Обезображенное, залитое кровью лицо кривится в беспомощной улыбке, ответить что-нибудь он не может. Только слабо шевелятся пальцы: на руке кровавым полумесяцем запекся след железной подковки.
Когда Лудину гору очистили, Захарова внесли в отбитый у немцев, жарко натопленный блиндаж; расстелили плащ-палатку, шинель и бережно уложили. Врач промыл глубокие раны, и толпившиеся вокруг в безмолвии люди внезапно увидели, что у Захарова высокий красивый лоб, непомерно густые изогнутые, как нарисованные, брови, ясно очерчен подбородок, красивое, овеянное благородством и мудростью лицо, только губы — белые. Белые как мел.
Кто-то тяжело, надсадно вздохнул.
Захаров открыл глаза, но было видно, что плохо различал обступивших его людей. Он мучительно пытался понять, где находится. Едва слышно, с усилием выдохнул: «Братцы… я сейчас… умру», — и перехватил мой взгляд. Узнал, улыбнулся. Две большие, как горошины, слезы скатились во впадины щек. «Жить… жить!..» — беззвучно пошевелил белыми бескровными губами. Вновь обратил глаза ко мне: «Вот она и Лудина гора, а говорили — нельзя ее свалить с плеч. Плохо же мы о самих себе думаем… Беда, что мы не знаем самих себя…» — Дальше ничего нельзя было разобрать. Он заметался, застонал. Кому-то грозил, кого-то упрекал.

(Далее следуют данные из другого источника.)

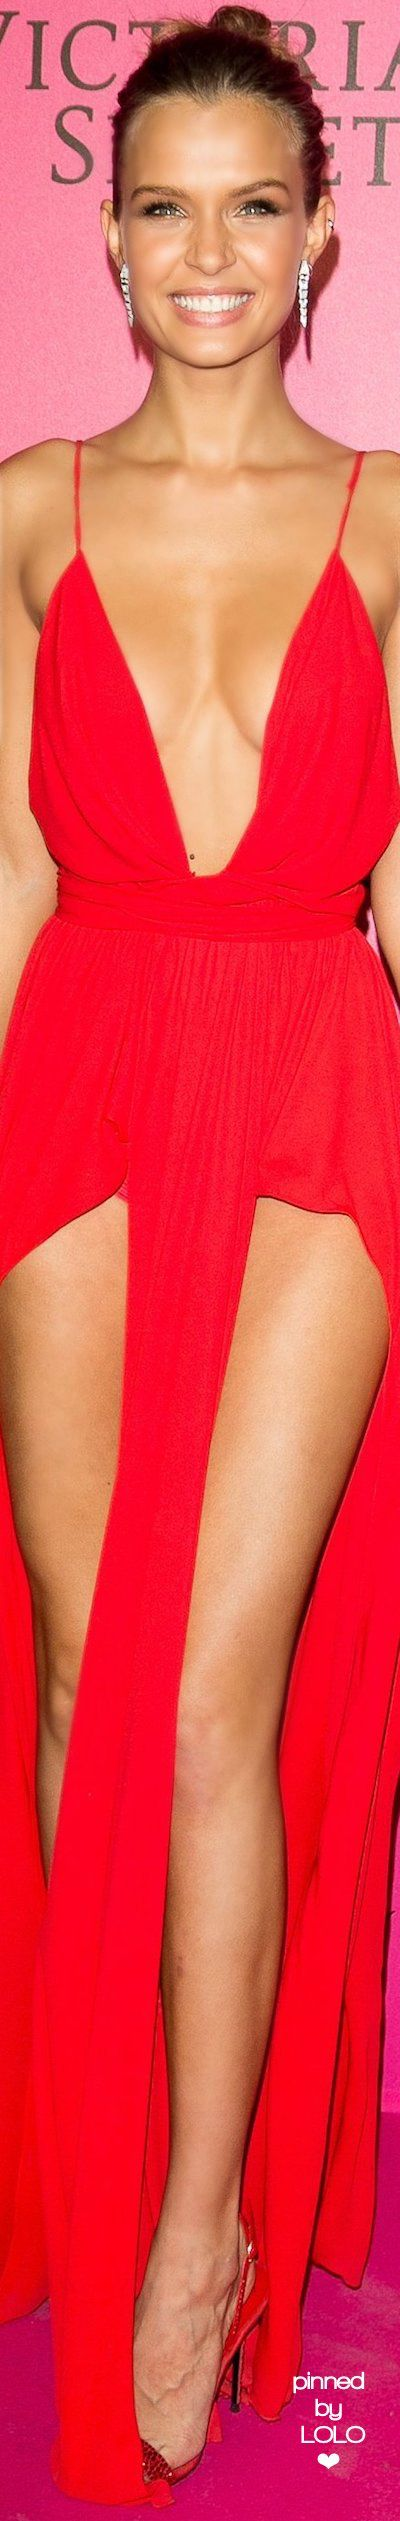 Josephine Skriver 2016 Victoria Secret Fashion Show After Party | LOLO❤︎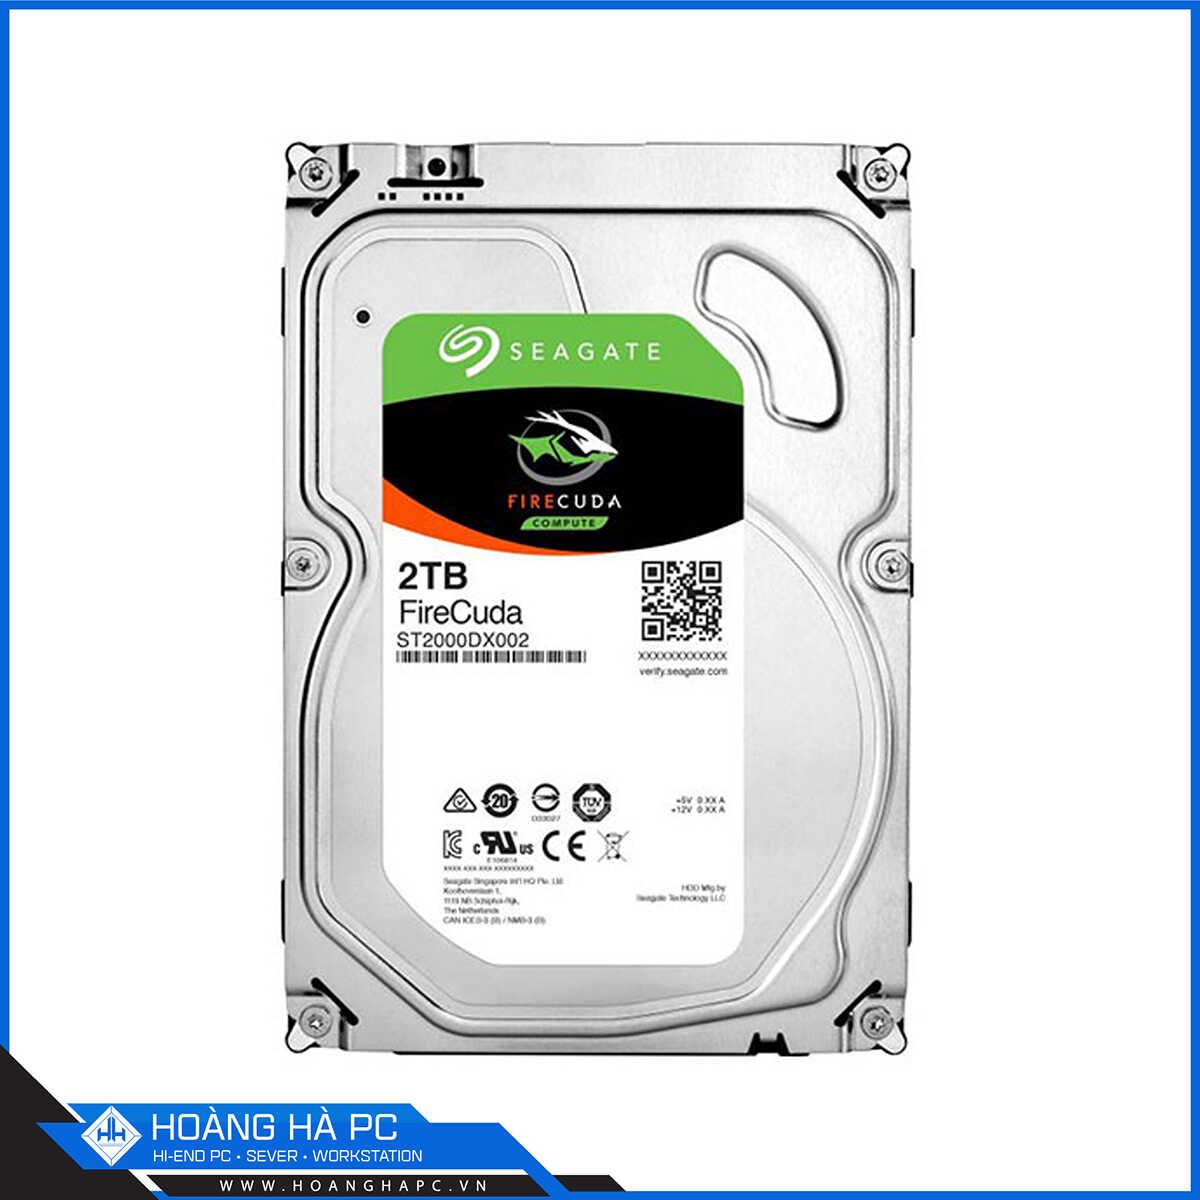 Ổ Cứng HDD Seagate Firecuda 2TB

И вдруг присмирел. Что-то мальчишески нежное проступило в чертах его остывающего лица. «Знаю теперь, чего так ждал… — выдохнул Захаров и заспешил: — Да-а, дедусь, иду, иду к тебе… Погоди, не торопи… Вот они… Варя, Васильевна… Вот, вот… Ты правду, дед, мне наказывал: три дороги у человека — одна к солнцу, другая к девке, третья к людям… Выбирай последнюю: солнце за тучу скроется, девка обманет, а люди, хоть и злые, но и добрые, ради них стоит жить… Я выбрал к вам дорогу, люди. Выбрал и не жалею…»
Захаров обвел нас чистым, ясным взглядом и отчетливо сказал:
— Поднимите меня, братцы.
Мы с врачом осторожно подняли его.
— Выше. Выше. Выше. Доченьке моей, Варе, поклонитесь. Скажите, что ей не стыдно за отца: не зря на земле жил…
Над блиндажом за дверью вставал рассвет. Бои гремели далеко от Лудиной горы. Лежала она притихшая, большим могильным холмом. Свое мы исполнили. Кое-кто из нас, в ком не проснулся трус, выйдет в герои, будет отмечен наградою, и радость нашу разделит с нами всякий встречный. Не будет только Петра Ивановича Захарова.
Мы знаем, что его нет. А может быть, в эту же самую непогодь две женщины, мать и дочь, с вечера до утра, не смыкая глаз, проговорили об отце и муже. Он самый лучший, самый дорогой у них. Жадная, неумирающая надежда на встречу с ним не покидает их ни на минуту. И пусть придет по почте лоскут жесткой бумаги — известие о гибели бесконечно родного им, плоть от плоти, человека. Они примут горькую весть, разотрут не одну слезу на щеке. Но все равно не станут верить, что его нет, не будет. Сердце до последнего удара не перестанет звать его.